Our results were consistent with those of Folarin et al. [44] and Zhang et al. [50], who reported the antioxidant and hepatoprotective activities of the same species using stem and seed extracts. While these studies demonstrated the pharmacological potential of selected plant parts, they did not include a detailed phytochemical characterization. In contrast, the present work made a novel contribution by evaluating the entire plant and characterizing its bioactive constituents. This comprehensive approach seemed to be important, as the combined phytochemical profile of the whole plant might exert synergistic effects and offer broader biological activity. By integrating both whole-plant assessment and phytochemical profiling, the current study not only complemented previous findings but also expanded the scientific understanding of this species and its potential applications in hepatoprotection.

By reducing pro-inflammatory cytokine levels, CA demonstrated its potential to counteract oxidative stress, which acted as the initial trigger of the inflammatory response. In the context of CCl₄-induced liver injury, ROS not only caused direct hepatocellular damage but also initiated inflammatory signaling by activating Kupffer cells, which in turn release TNF-α.

A study by Sato et al., [51] demonstrated that CD11b⁺ Kupffer cells produce TNF-α and FasL, playing a pivotal role in CCl₄-induced acute hepatic injury. The activation of these cells led to the release of pro-inflammatory cytokines, including TNF-α, which further aggravated liver damage. This finding underscored the critical involvement of Kupffer cells in the inflammatory processes associated with CCl₄-induced liver injury.

Additionally, a review by [52] highlighted the diverse functions of macrophages, including Kupffer cells, in experimental liver injury. The authors emphasized that macrophages play a significant role in liver repair and regeneration following injury, suggesting that targeting these cells could represent a therapeutic strategy for liver diseases.

This cytokine subsequently stimulates the secretion of IL-1β and IL-6, thereby amplifying inflammation and leading to hepatic necrosis and biochemical disturbances [53].

Hematoxylin-eosin (H&E) staining revealed that CA pretreatment significantly attenuated CCl₄-induced alterations, such as centrilobular necrosis and inflammatory cell infiltration in the hepatic tissues of rats. Remarkably, these histological improvements were consistent with the biochemical findings, further supporting the hepatoprotective potential of CA. Notably, other parasitic plants demonstrated similar protective effects in previous studies [27,54]. Hepatic fibrosis is well known as a major consequence of liver damage caused by toxic agents such as CCl₄ and is characterized by excessive deposition of collagen proteins in hepatic tissue [55]. Since H&E staining does not allow clear visualization of fibrosis, special histological stains such as Sirius Red or Masson’s Trichrome are typically used, as proposed previously [42]. In the present study, Sirius Red staining confirmed that CCl₄ exposure induced significant liver fibrosis, as evidenced by increased collagen accumulation. These observations were consistent with previous reports [55]. The fibrotic process is attributed to the activation of Kupffer cells and hepatic stellate cells (HSCs), which transdifferentiate into myofibroblasts and subsequently produce extracellular matrix components, including collagen [56].

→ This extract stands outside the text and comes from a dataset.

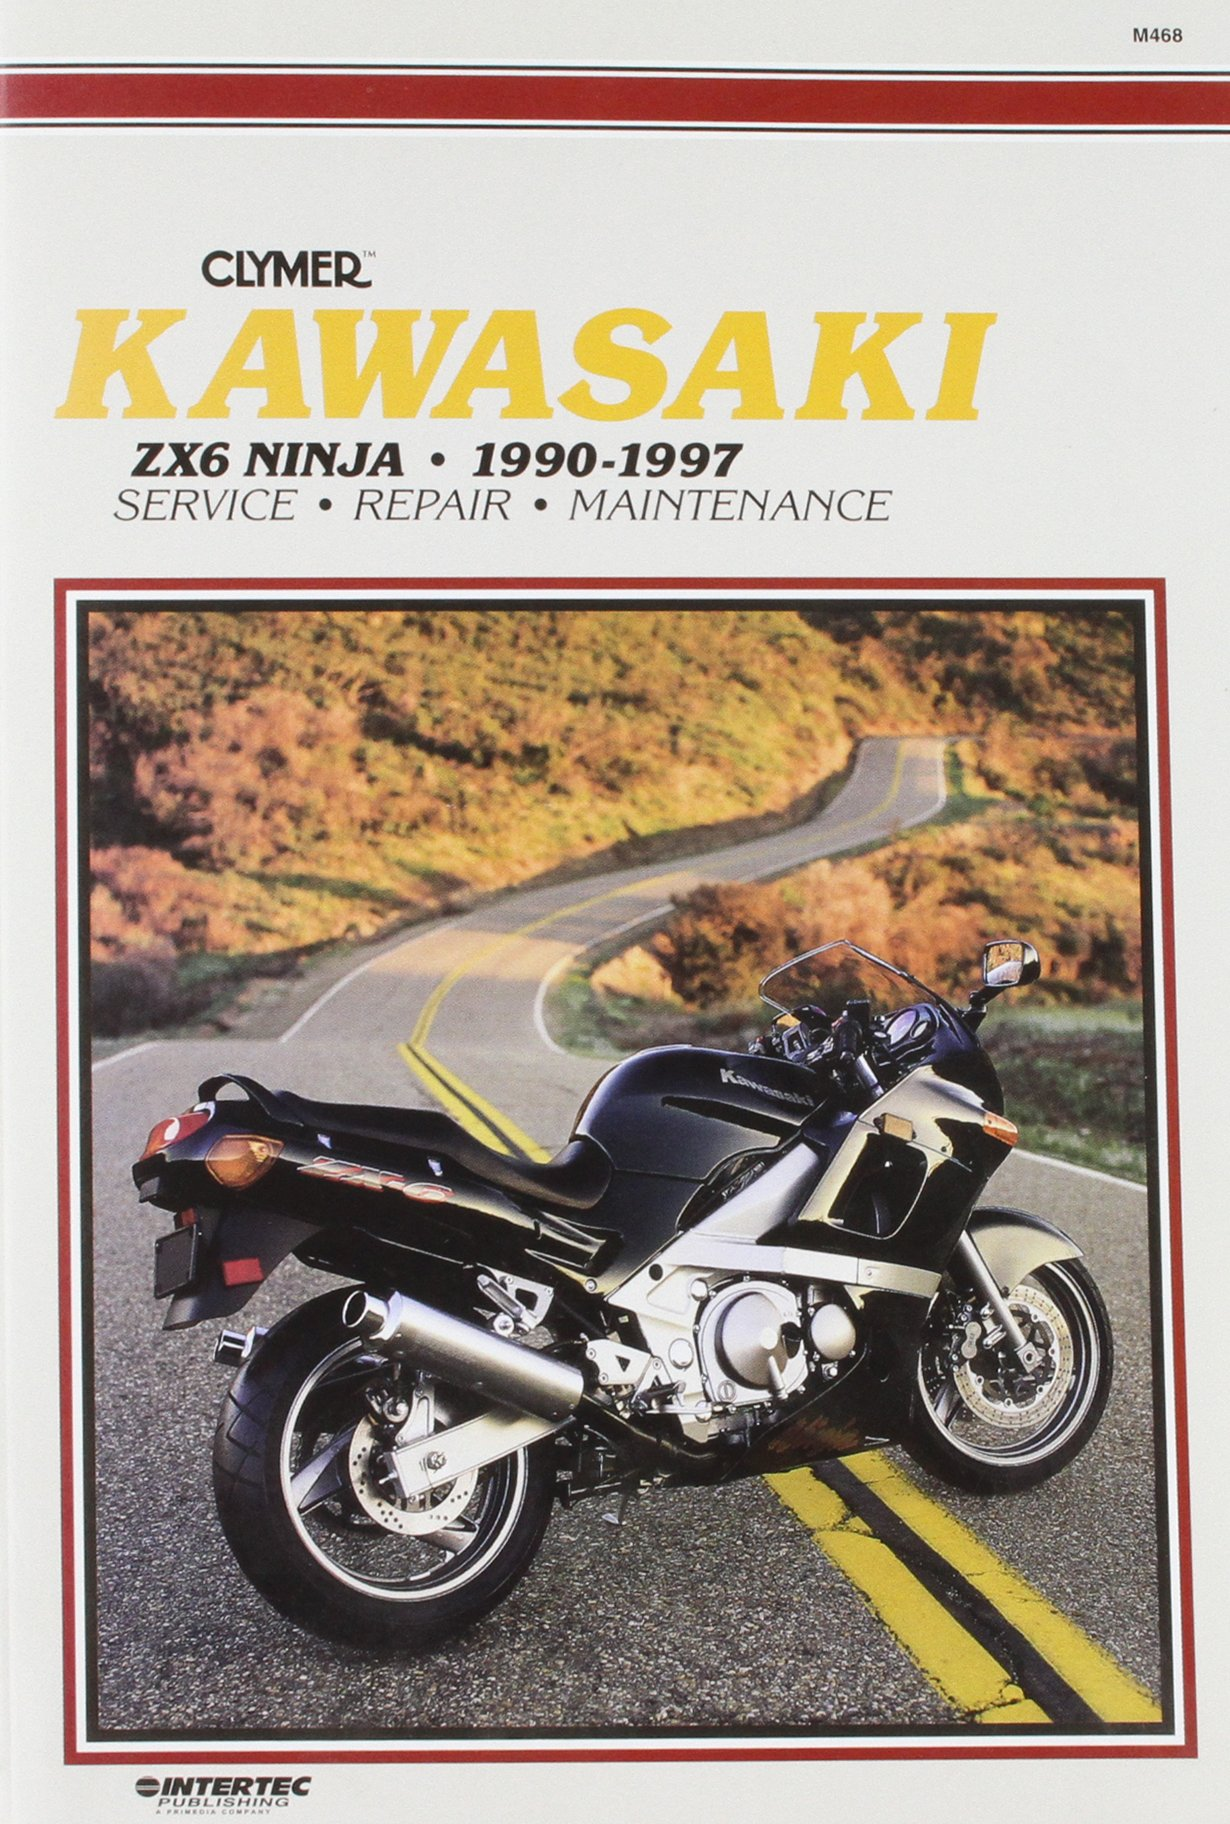 1990 Zx6 Repair Manual Zx6e Wiring Diagram Kawasaki Ninja 1997 Clymer Workshop Amazon Co Uk Rh 2008

Molecular docking analysis was carried out to explore the interaction between CA-derived compounds and proteins involved in the inflammatory response and hepatic fibrosis. The results revealed strong and stable binding affinities with four key molecular targets: CYP450, IL-2, TNF-α, and IL-6, suggesting a potential inhibitory effect. These proteins were selected based on their established roles in hepatic pathophysiology, including CYP450 in CCl₄-induced toxicity [57] while IL-6, IL-2, and TNF-α are recognized hallmarks of the inflammatory response [58]. In the present study, IL-6 and TNF-α were measured in vivo as key inflammatory markers directly involved in CCl₄-induced hepatotoxicity, whereas IL-2 was included in the docking analysis to explore additional immune-modulatory pathways since it plays a central role in immune modulation and T-cell activation, which are also closely linked to inflammation and liver injury [59]. The inclusion of IL-2 allowed us to broaden the mechanistic insight into the potential anti-inflammatory and hepatoprotective effects of C. australis, thereby complementing the experimental findings. On the other hand, the RMSD values were all below 3 Å, securing that the implemented docking method was reliable and reproducible.

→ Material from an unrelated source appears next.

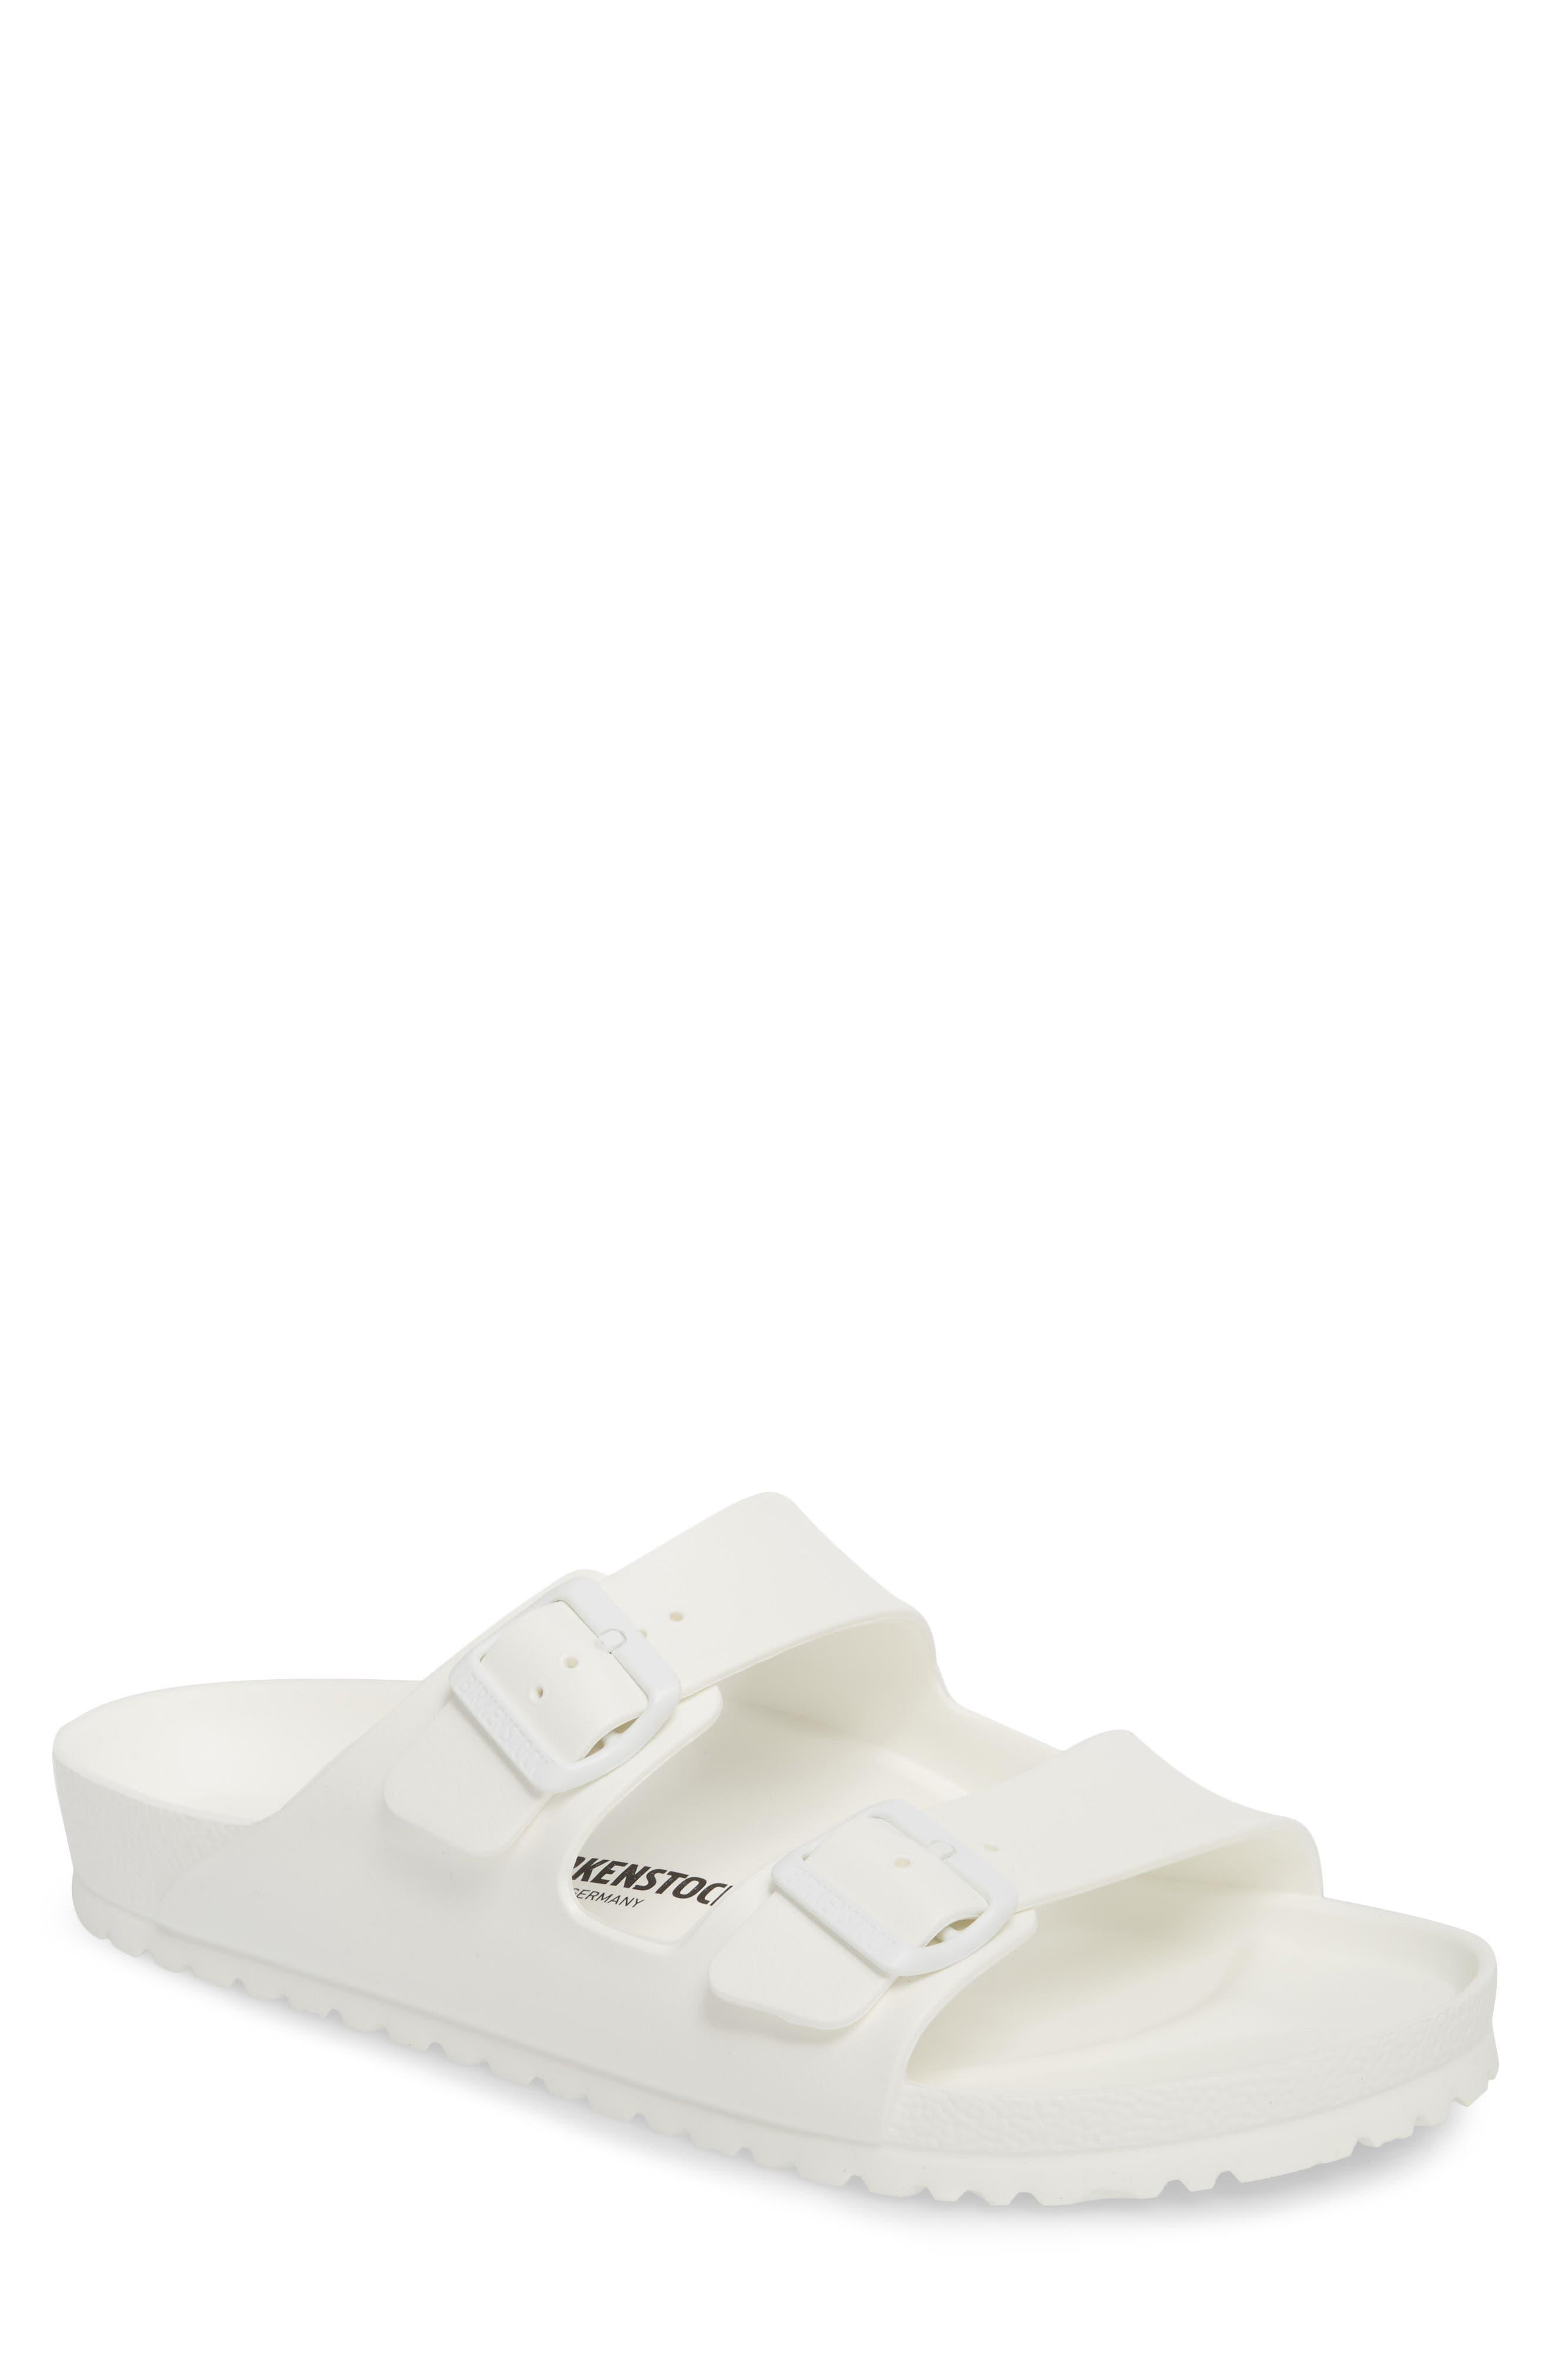 Birkenstock Essentials Arizona Eva Waterproof Slide Sandal,8.5 - White

Among the docked molecules, the majority of compounds namely quercetin, caffeic acid glucoside, caffeoylquinic acid, ferulic acid glucoside, feruloylquinic acid, diosmetin glucoside, quercetin glucoside, isorhamnetin glucoside, and caffeoyl coumaroylquinic acid exhibited remarkable binding affinities for the four selected proteins.

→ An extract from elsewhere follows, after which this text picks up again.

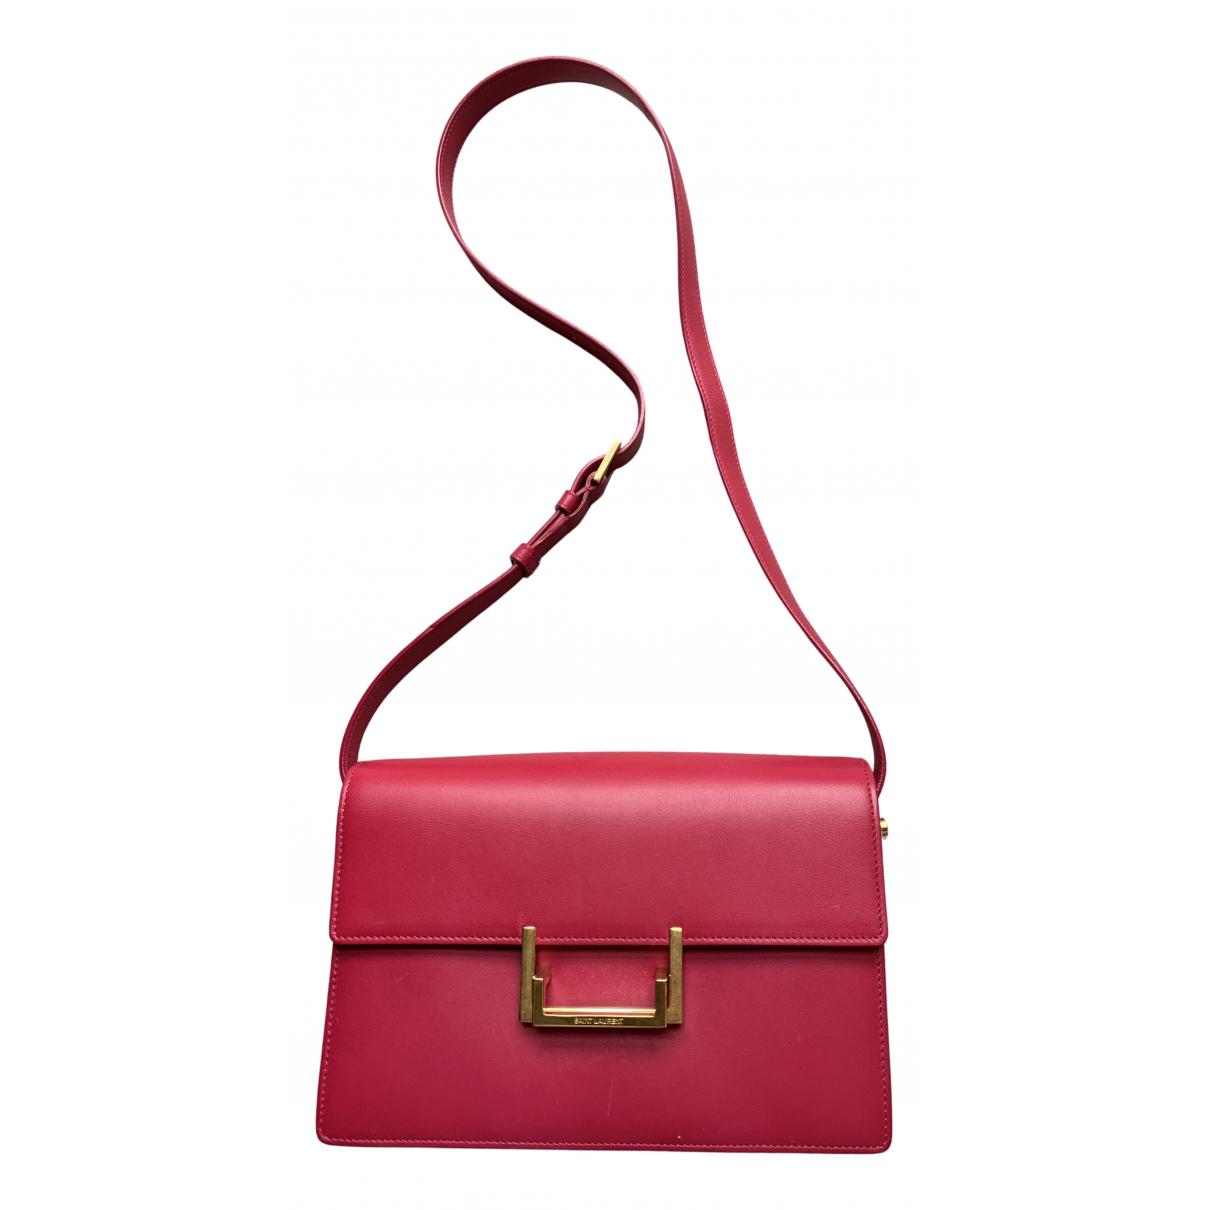 Saint Laurent N Pink Leather handbag for Women N

The docking results of quercetin glucoside demonstrated strong affinity and multiple stabilizing interactions with pro-inflammatory cytokines, which may support its anti-inflammatory potential. In line with this, this flavonoid glycoside, is recognized for its antioxidant, anti-inflammatory and hepatoprotective properties, as reported in several recent studies [60,61]. Structurally, this compound possesses features that enhance its antioxidant capacity. Notably, the occurrence of the hydroxyl groups helps donate hydrogen atoms and supports radical stabilization, making it an effective antioxidant. Compared to quercetin itself, its glycate derivative offered higher cellular defense against oxidative stress, thanks to its increased solubility, which facilitated better uptake and distribution within the cell [62].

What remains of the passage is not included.